Создание же диагностирующих трудностей основано на представлениях об устойчивости поведения субъекта, достаточной для того, чтобы информация о том, как он преодолел некую трудность, могла быть обобщена на другие ситуации, на других индивидов этой же группы и т. д. и использована для выводов, как он (или другой индивид этой группы) будет справляться с аналогичными или несколько отличающимися трудностями через какое-то время, в похожих или даже сильно отличающихся ситуациях.

Таким образом, создание деструктивных трудностей основано на представлениях о деградации субъекта под влиянием осуществленных воздействий, создание диагностических трудностей – на представлениях об устойчивости его поведения, создание конструктивных трудностей – на представлениях о его будущих прогрессивных изменениях.

При этом диагностическая «проба трудностями» может быть использована для последующего достижения и негативных, и позитивных целей по отношению к тому, кого «опробуют». Соответственно можно полагать следующее.

Исследовательское поведение (диагностика) с целью последующего нанесения ущерба эволюционно возникает раньше, чем диагностика, ориентированная на последующую помощь. Это связано с тем, что создание деструктивных трудностей возникает раньше создания конструктивных. Соответственно пробы, обслуживающие деструктивные трудности, тоже должны возникать раньше.

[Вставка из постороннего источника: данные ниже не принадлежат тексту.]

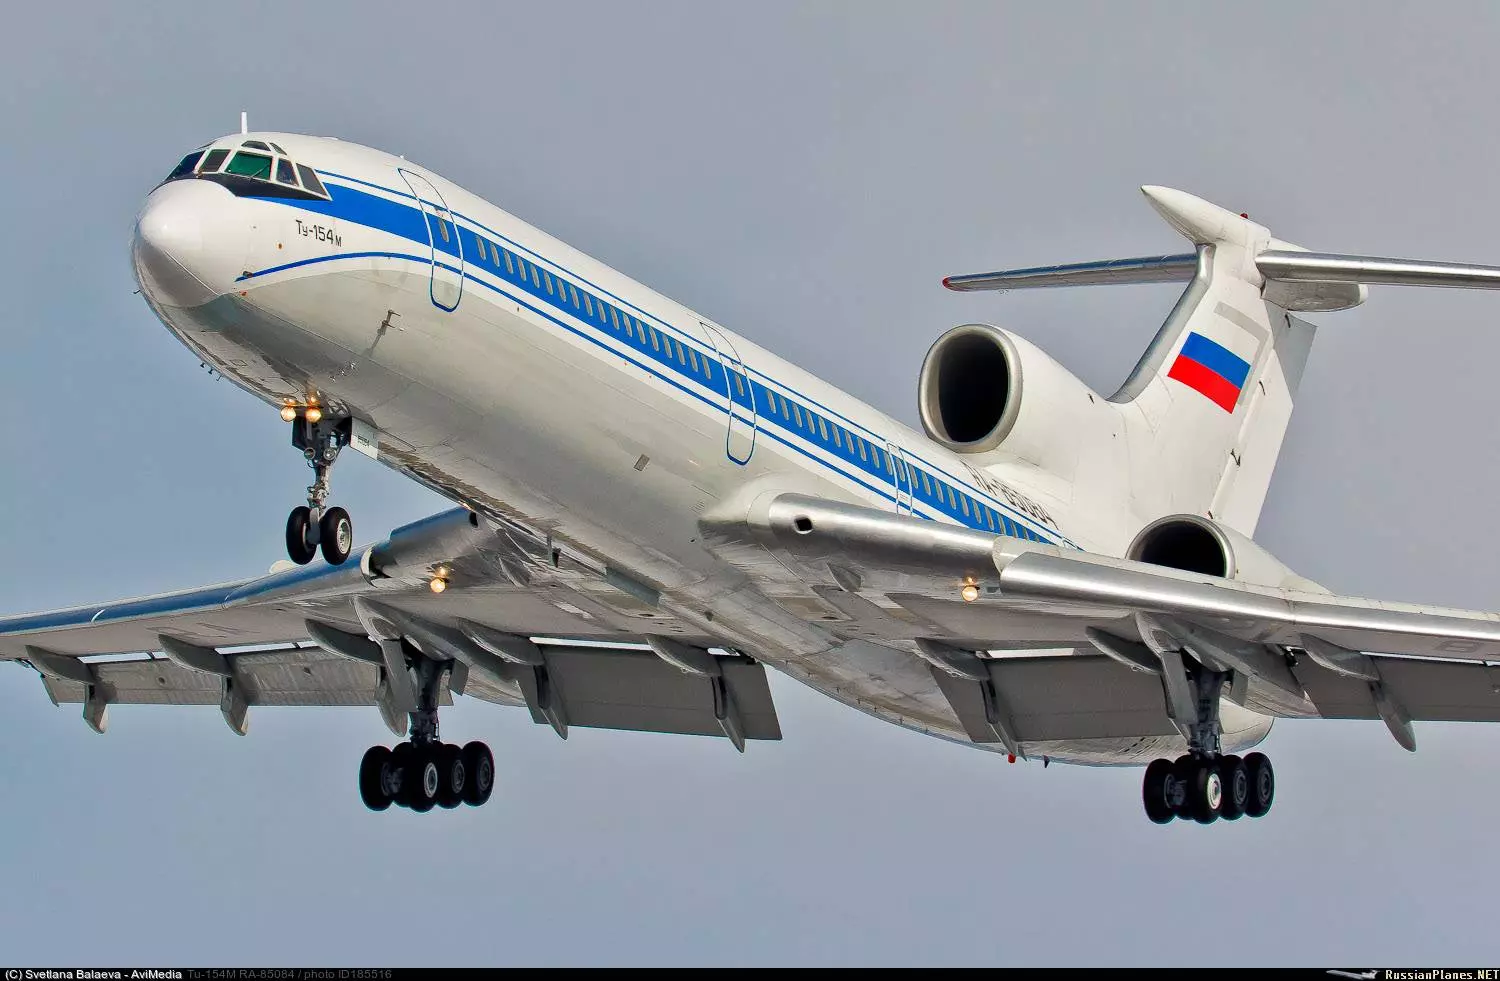 Последний полет ту-154: история знаменитого лайнера
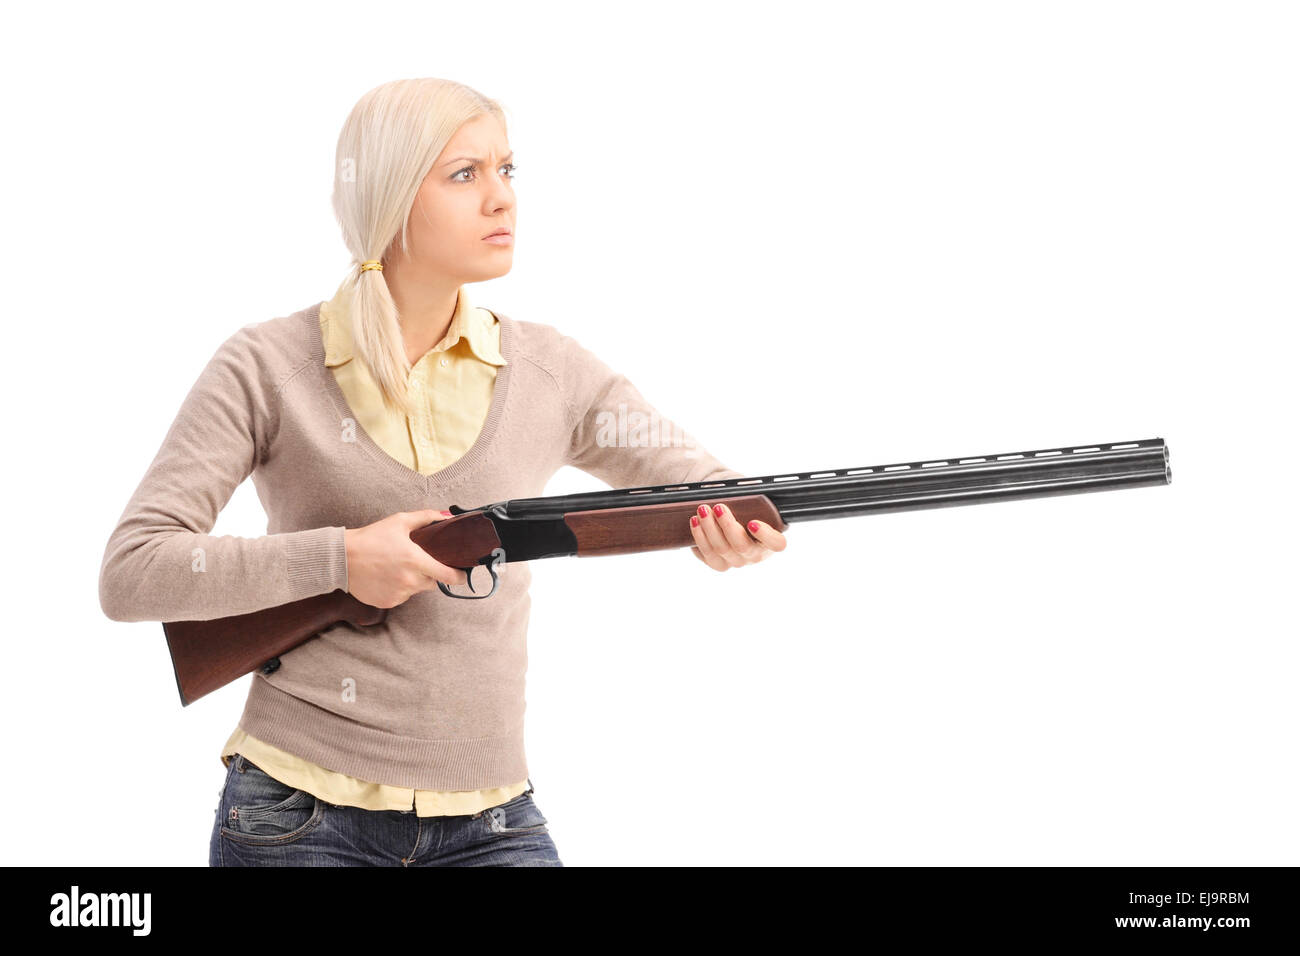 Furious jeune blond woman holding un fusil prêt à tirer isolé sur fond blanc Banque D'Images

Относительно последовательности создания трудностей определенного типа и обслуживающих их проб, можно предполагать следующее. Как показано в исследованиях Н. Н. Поддьякова, в онтогенезе манипулятивные пробующие (ориентировочные) действия возникают из исполнительных. Ребенок пытается осуществить действие с практической целью (например, достать какой-то предмет с помощью орудия), терпит неудачу и, столкнувшись с этой трудностью, перестраивает свою ориентировку в ситуации. Его действия уже не направлены на непосредственное достижение цели, а начинают носить пробующий характер. Их амплитуда и продолжительность становятся меньше, чем у практических исполнительных, и у ребенка возникает внутренняя психологическая готовность принять и удачный, и неудачный результат пробы по преодолению трудности. В случае положительного результата ребенок переходит к исполнительным действиям, в случае отрицательного – продолжает исследование возникшей проблемы [Поддьяков, 1961; 1977].

По аналогии можно предполагать, что и в филогенезе исполнительные действия, создающие деструктивные трудности для другой особи (например, действия, закрепленные в инстинкте), предшествуют действиям более высокого уровня – ориентировочным пробам с последующими деструктивными целями. То же самое можно сказать и о конструктивных трудностях: обслуживающая их диагностика возникает позже практических исполнительских действий.

Итак, развертывая анализируемую последовательность более подробно, можно полагать, что возникновение различных типов создания трудностей происходит в следующем порядке:

• деструктивные трудности;

• диагностирующие трудности, подготавливающие последующее нанесение ущерба;

• конструктивные трудности;

• диагностирующие трудности, подготавливающие последующую помощь.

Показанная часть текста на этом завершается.